Sonar6 re-invented the trade show booth for a recent HR Technology show. Would your firm be so bold?
Written by Brian Sommer, Contributor

Last week’s HR Technology show in Chicago always produces a lot of vendors and tire-kickers. As a result, the attendees get treated to a large assortment of brightly adorned, creative booths in the exhibition hall. It gets hard to remember much of anything specific about any one booth (and sometimes the products pitched within them).

Enter Sonar6. These are the folks from New Zealand who sell a great looking performance management solution and do so cost-effectively thousands of miles from home.
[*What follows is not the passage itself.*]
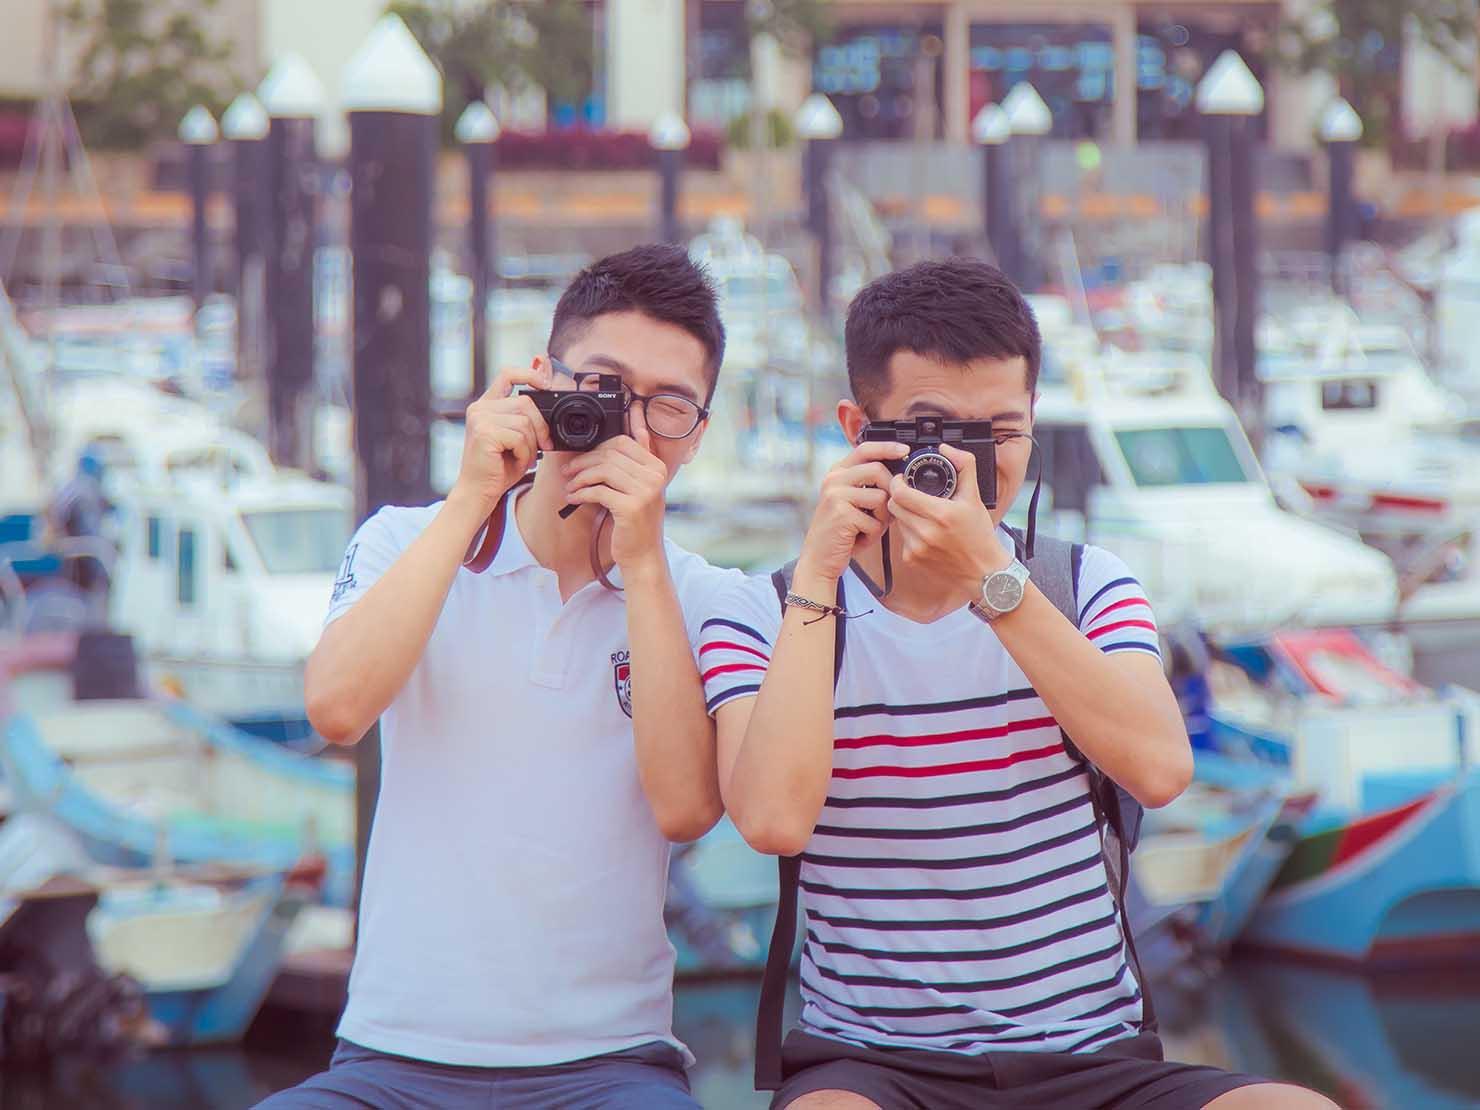 KKday台湾旅行・出張撮影サービス撮影サンプル(カメラを構える2人)

Not only do I like how the product looks, but I like the way they re-engineered the way they sell SaaS (software as a service) software.

In prior years, Sonar6 has confronted HR Technology show attendees with irreverent t-shirt slogans (“I’m a 3” or “I shouldn’t have friended my boss to my Facebook account”). One year they invited attendees to send along the worst performance review comments they’d ever seen.

AND, they created all sorts of product excitement without ever having a booth at the show.

Apparently, Sonar6 executives were feeling some pressure to have a booth this year so they did one in a way that only Sonar6 can do.

Sonar6 booth - Copyright 2010 TechVentive, Inc.

Sonar6 booth - Copyright 2010 TechVentive, Inc.

They got a booth that was made show attendees pay attention and talk about them. They created the un-booth. It wasn’t creative, beautiful, artistic, etc. No – It was simply cardboard and it was memorable. And, it epitomizes the strategy of Sonar6: they put their money into developers and the product – not slick marketing materials.

You can argue as to the aesthetics of their booth but you can’t argue with this: almost everyone at the show not only noticed their booth, they talked about it and Sonar6. That, interestingly enough, is what a lot of other exhibitors probably wanted but didn’t get.

So, next time you’re thinking about some of these tired old trade show gimmicks:

- Drop a card in a fishbowl for a chance at a prize - Put down a fake putting green for a giveaway - Having a celebrity impersonator in the booth for photo opportunities with prospects - Giving out generic t-shirts or pens

remember why you’re doing so. The point of a trade show exhibit is to generate interest in your firm and its products. Spending money shouldn’t be a goal – it should be a means to an end.